Executive director, Alliance for Transportation Electrification

Southern California Edison is building a $22 million, 3,500 plug make-ready pilot and has proposed a $760 million, 48,000 plug make-ready build-out. Private providers will install all chargers, SCE President Ron Nichols told Utility Dive.

But SCE’s solicitation requires bidders to use interoperable systems that include the open standards and protocols Jones is calling for, Nichols said. “As we get more charging infrastructure in place, this will ameliorate concerns about interoperability.”

In Avista’s early pilots, it has solicited partnerships with private providers specifically to assure network interoperability through open communication protocols like OCPP, Avista’s electric transportation manager, Randall Farley, emailed Utility Dive.

Ideally, the industry would select one of the three types of DCFC connectors now in use and one from among the current variety of user-charger station interfaces to further improve the customer experience, he added.

The electric power and automotive industries are at a tipping point, Jones said. “Waiting for the market to get the system in place and scale it will not work.
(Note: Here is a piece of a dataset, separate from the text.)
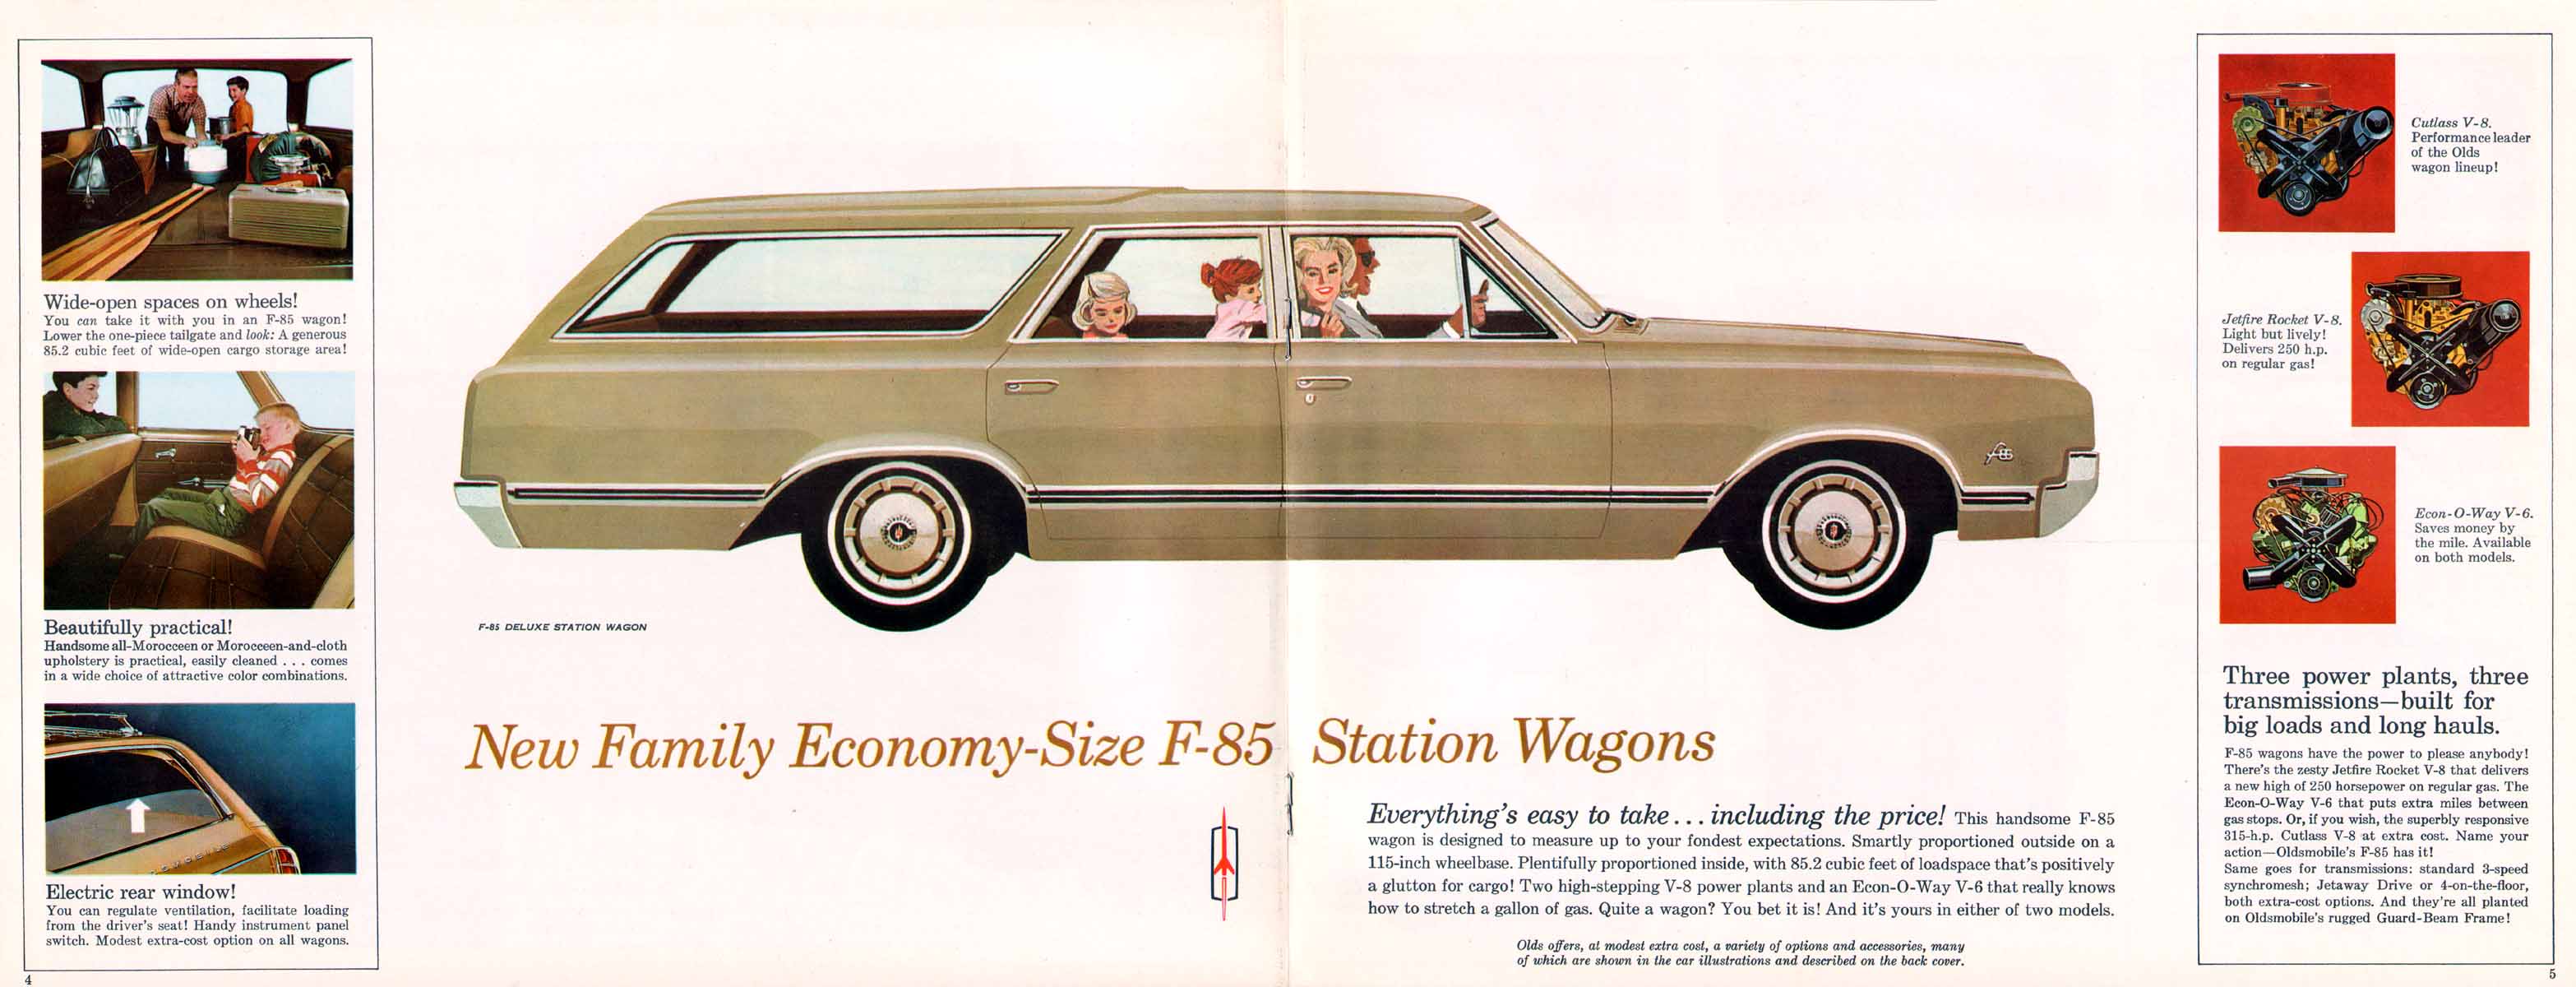 1965 Oldsmobile Wagons-04-05
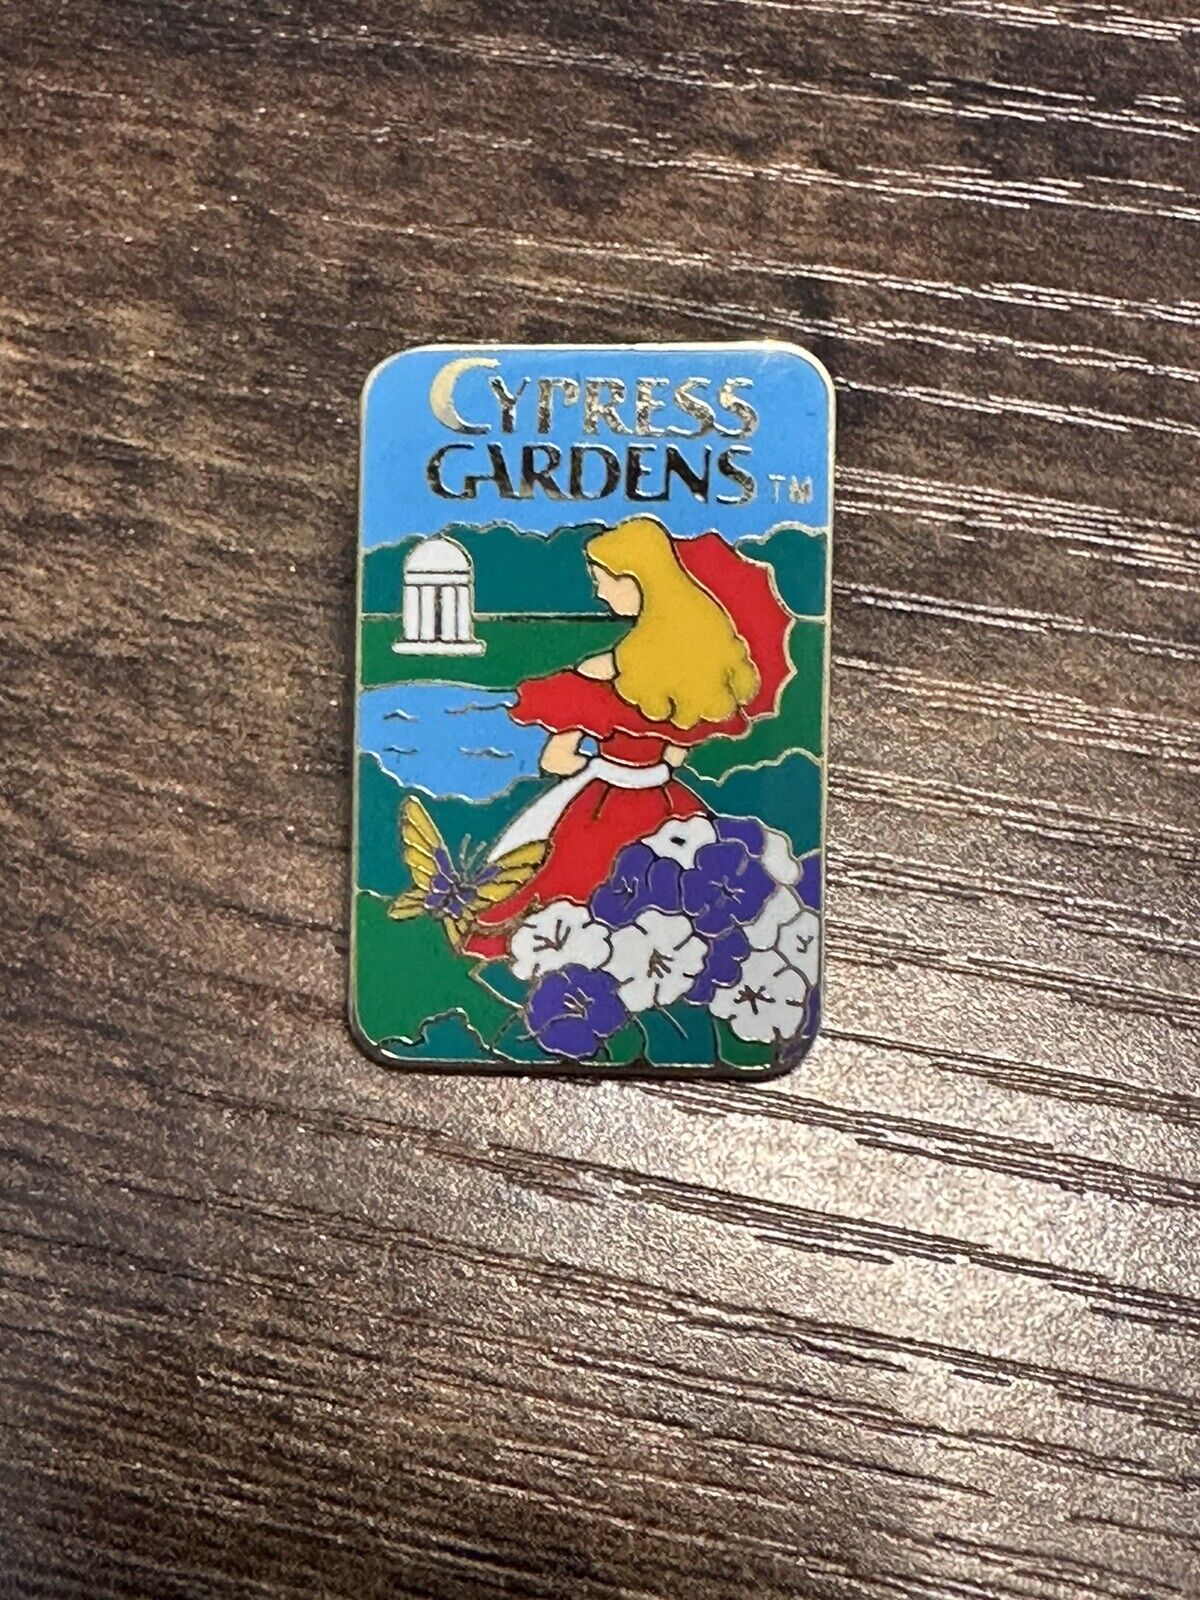 Cypress Gardens Trading Pin

Utilities have to start investing and commissions have to take the lead.”

The most important DER

In California, which leads the U.S. in EV use and charging station deployments but still has a very low share of the car market, “EVgo has dispensed over 1 GWh each month for the last 12 months,” Levy said. As carmakers introduce new models and charging infrastructure becomes more common, “the numbers will grow.”

Executives and regulators reluctant to support investment in transportation could cost utilities customers if they miss out on this “huge opportunity to fuel the transportation future,” Jones wrote.

They should instead be “planning the necessary infrastructure upgrades and doing the necessary cost-benefit analyses,” he added. “This is not just about load growth, it is about an asset to utility distribution systems that can absorb renewables over-generation and meet system demand spikes. It is about utility access to what could be the grid of the future’s most important DER.”